Jesus would have one thing to say to those pro-life people who harass poor women who are trying to get into abortion clinics: "he who is without sin among you, let him first cast a stone at her". In other words, who the fuck are you to judge? Who the fuck are you to intimidate a poor frightened woman who's faced with an incredibly difficult decision? Jesus would be pretty mad about supposedly Christian people, acting with so little compassion and forgiveness.

All this Islamophobia and anti-refugee sentiment would certainly piss Jesus right off. He would be angry as fuck about the way that the wealthy West is slamming the door in the face of refugees they created, through bombing and drone strikes. What part of "thou shalt not kill" didn't you understand? What part of "love your neighbour as you love yourself" got mangled into "look after your own"?

How dare Theresa May - an alleged Christian - and Donald Trump, leader of "God's own country" carry on in such an unchristian manner. There isn't an ounce of Christianity in these greedy megalomaniacs, who care nothing for the poor and needy.

I'm an atheist by default, because my scientific studies have answered questions and provided truth that makes all religious faith look like a mental illness, but the sentiment - the morality - of Jesus Christ is perfectly relevant, and a useful guide for us all when thinking about how we should treat one another.

I'm never going to become some born-again Christian, repent my sins and start banging on about The Bible, but when I weep at the cruel, callous, greedy, selfish and inhumane leadership demonstrated by British and US politicians and business leaders, I do sometimes think we need a decent human being as a moral beacon for us all. Aspiring to be like the fanny-grabbing billionaire bigot Donald Trump is going to be a rocket ride straight to a metaphorical hell.

Religion has been perverted by a clergy who've lined their own pockets and committed atrocious acts of paedophilia, as well as other abuses of power. We can reject religion, while also saying that Jesus Christ sounded like a pretty cool dude.

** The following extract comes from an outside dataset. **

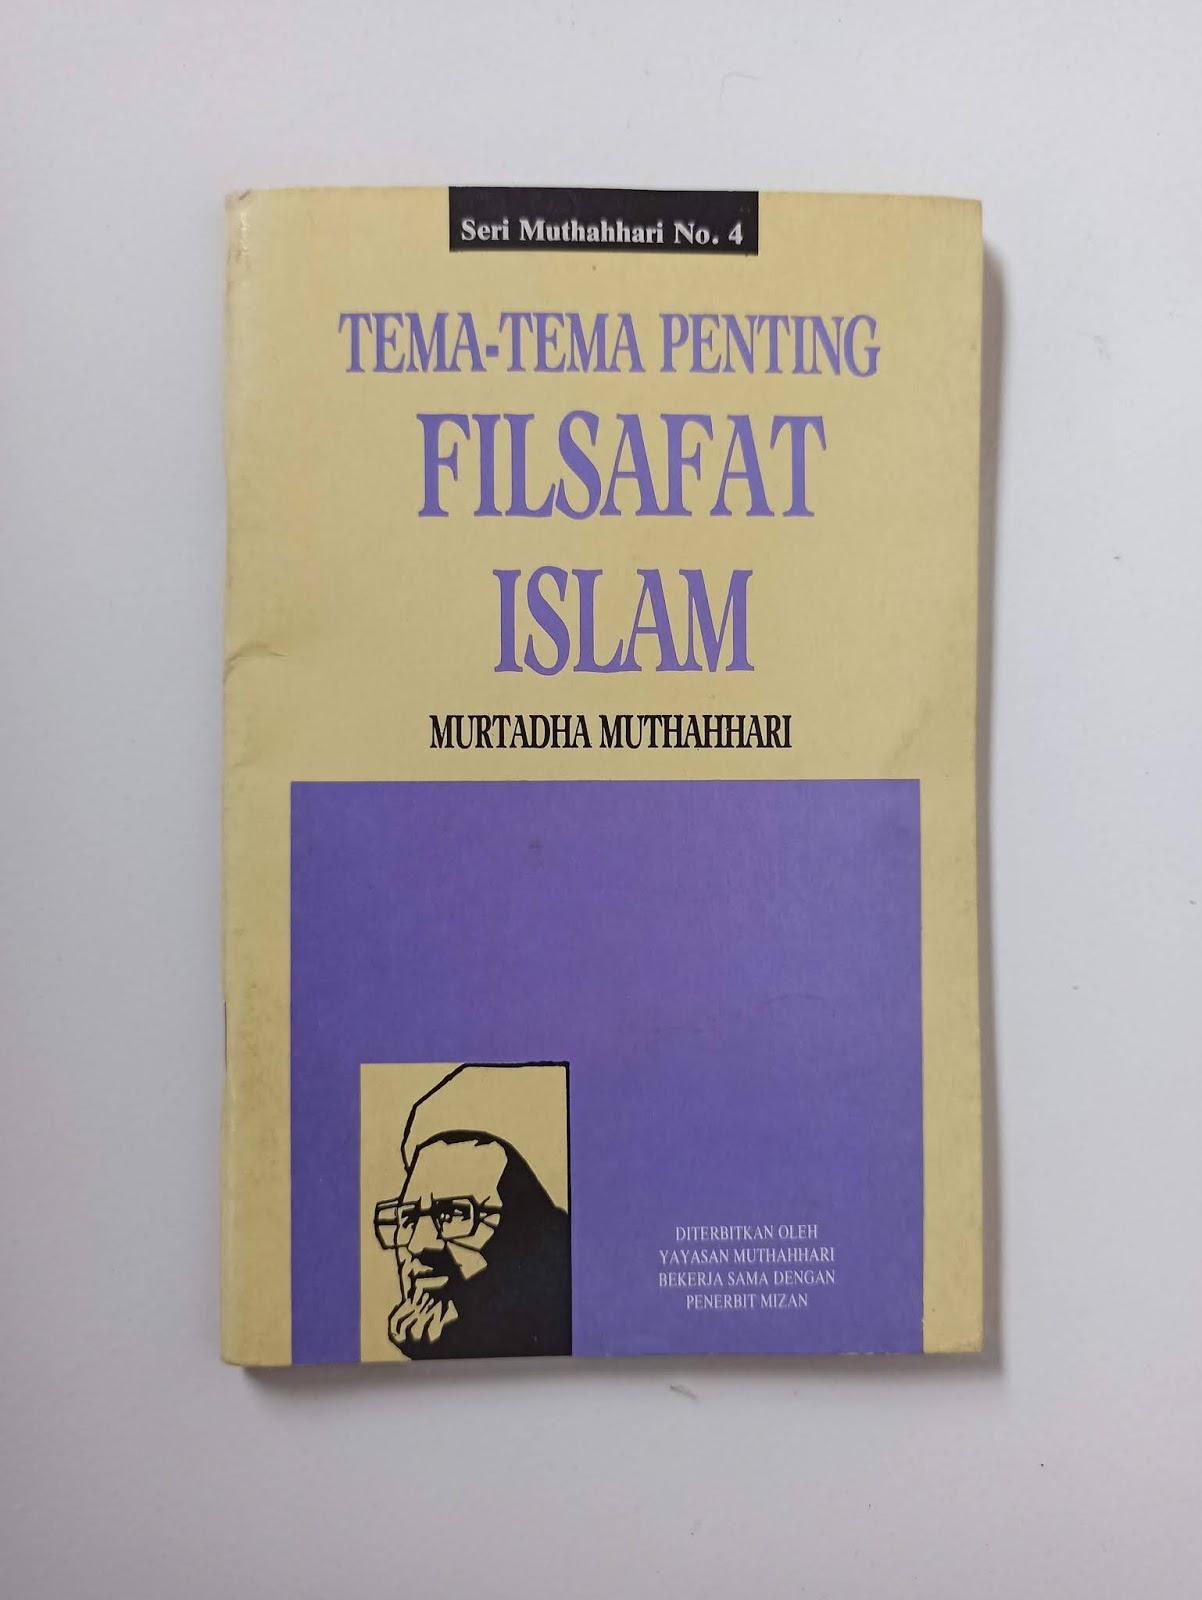 Buku Langka Tema-Tema Penting Filsafat Islam

The world would be a better place if we all tried to be a bit more like Jesus: a bit more Christian.

I really don't give a fuck what fictitious character we decide we love and want to emulate - perhaps Robin Hood? - but reality TV idols and wealth worship has taken us to a terrible, terrible place.

This is obviously written from my hospital bed, where I'm a bit loopy from kidney failure and painkillers, but I hope my writing is still reasonably cogent. All I can tell you is how I cry and cry and cry when I read the news right now, because the action of our leaders doesn't match their rhetoric about peace, compassion and care for the poor and vulnerable.